In English, the search requirement is (using example keywords):
Find all mail or SharePoint content where:
- Keywords include (Max OR John OR Sally)
- AND
- Keywords include (White OR Black OR Red)
- AND
- Date between Jun 2024 and Nov 2024
I have tried all different forms of this KQL, but I've essentially come up with this:
((Max John Sally) AND (White Black Red)) AND (Date=2024-06-01..2024-11-04)
Does anybody have an idea where I'm going wrong?
6 Replies
- FavoriteMartianCopper Contributor
I've been having similar issues for a while with eDiscovery advanced logical searches. The KQL editor is very awkward and I'm quite sure possessed by a playful demon. It's when trying to AND 2 sets of keywords that I have issues. I tried to force and it removed (keyword=word) from the submitted KQL query. Trying to manually add (c:c) or (c:s) seems to be a further nightmare.

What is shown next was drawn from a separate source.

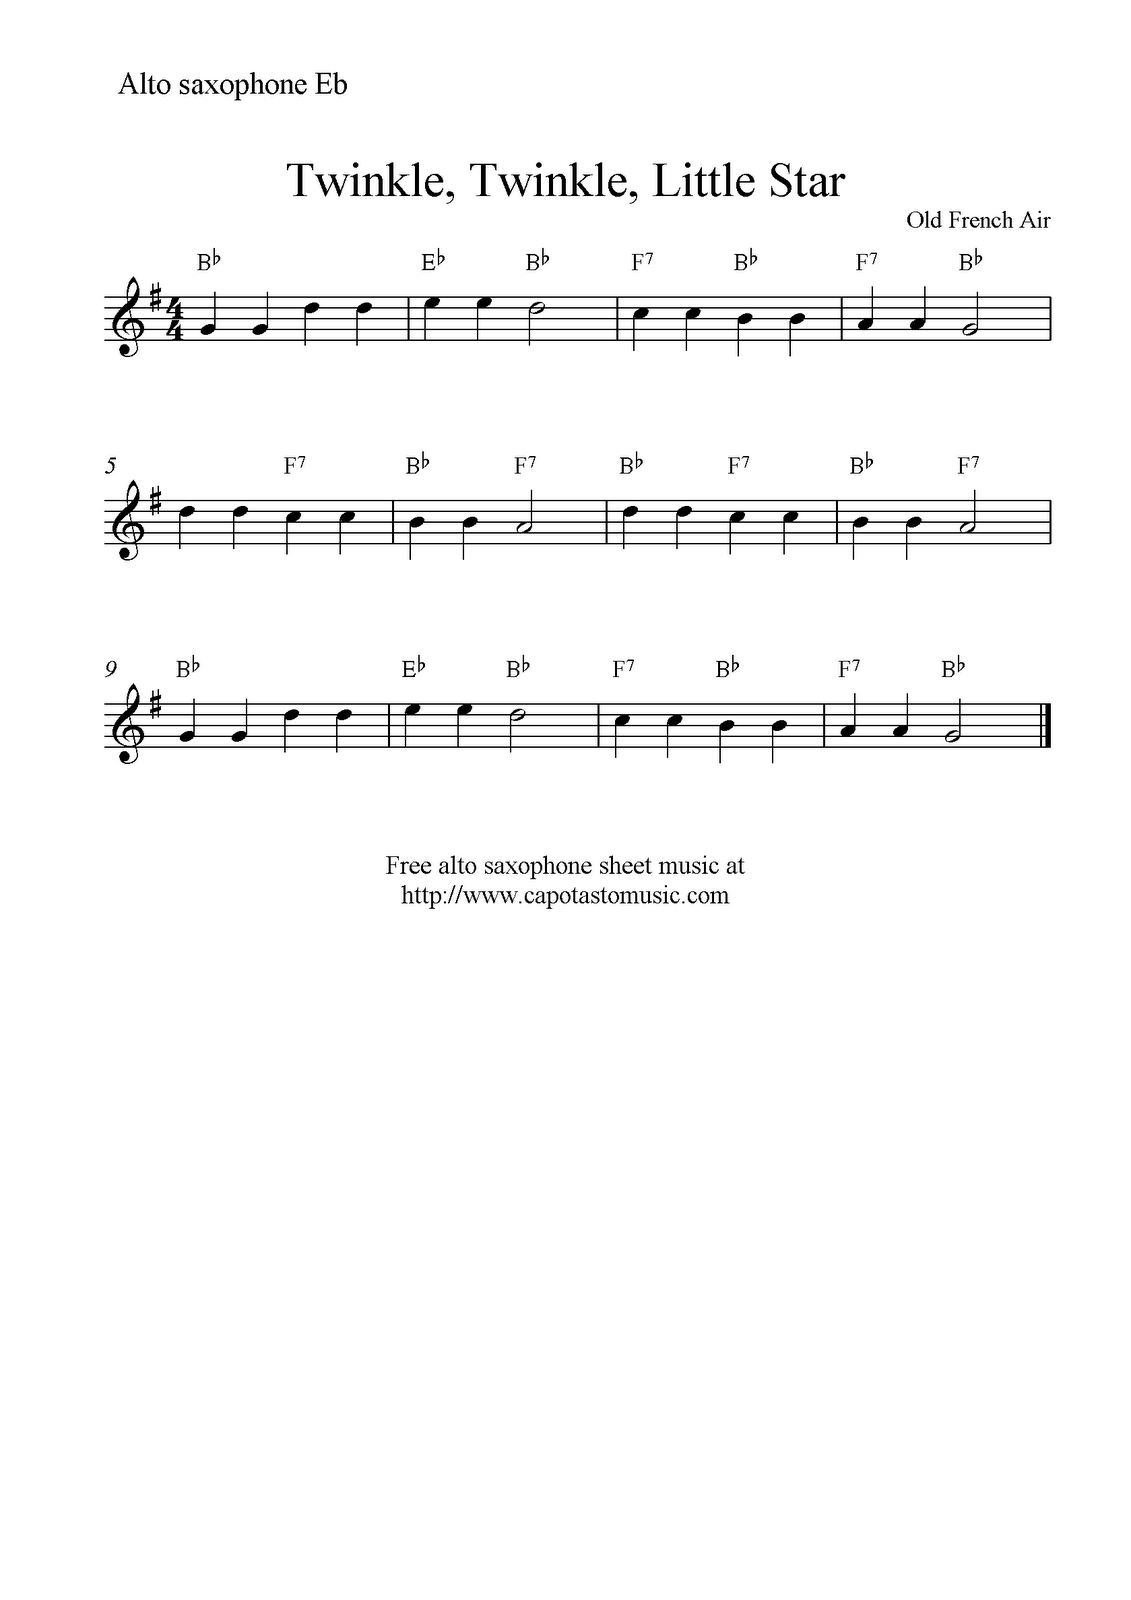 Free Sheet Music Scores: Twinkle, Twinkle, Little Star, Free Alto - Free Printable Alto Saxophone Sheet Music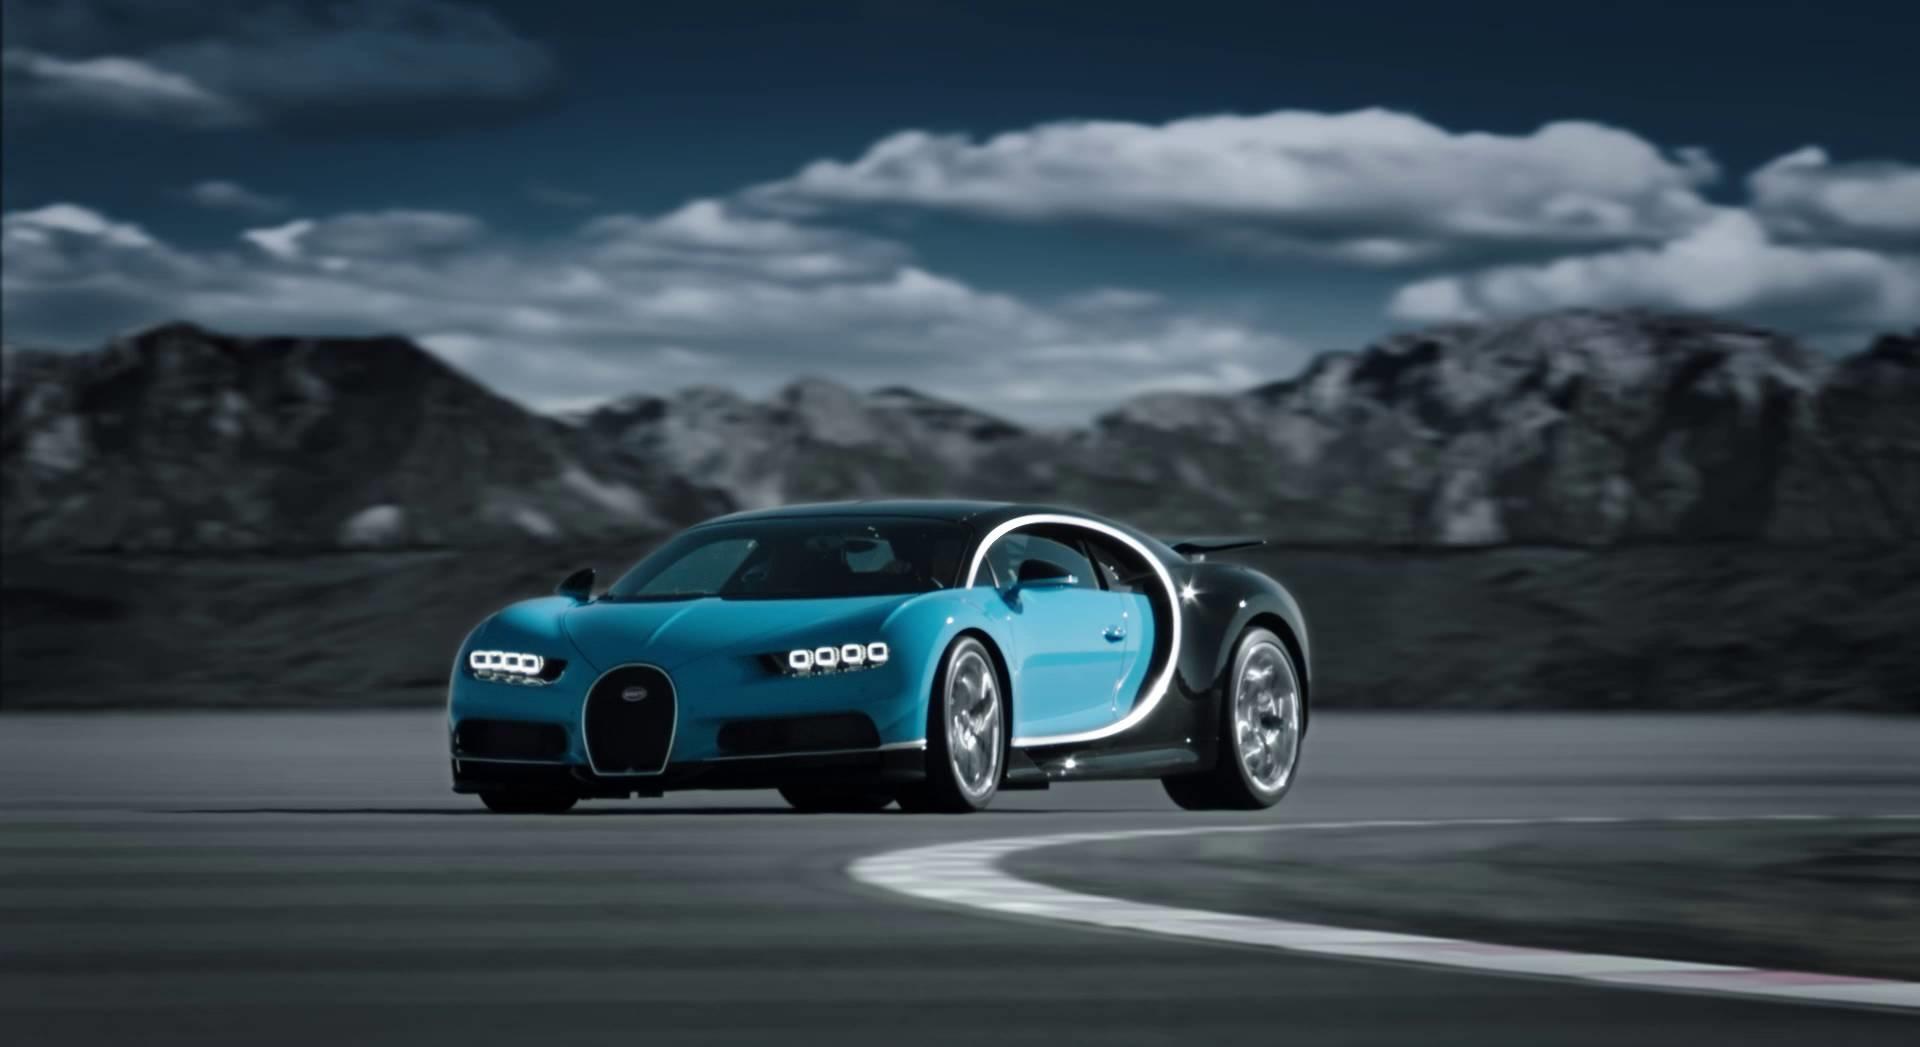 79 Bugatti Chiron 2018 Wallpapers On Wallpapersafari

Something like the below logic where I have 1 primary keyword to be AND'd with a set of keywords that have an OR between them. Using simple query building like Word1 AND (Word2 or Word3) breaks search statistics.
Keywords=Martian
AND
(Keywords=Exchange)
(c:s) Keywords=microsoft
(c:s) keywords=powerpoint
AND(Received=2024-10-01..2025-01-11)
- Jason E. HeiserIron Contributor
FavoriteMartian "playful demon" 🤣 I often feel that we have the same issues with those playful demons.
It's great that you seem to have had success combining KQL with the auto (c:c) or (c:s). I had explicitly tried to stay away from that because one of the documents in Learn stated that it wouldn't work.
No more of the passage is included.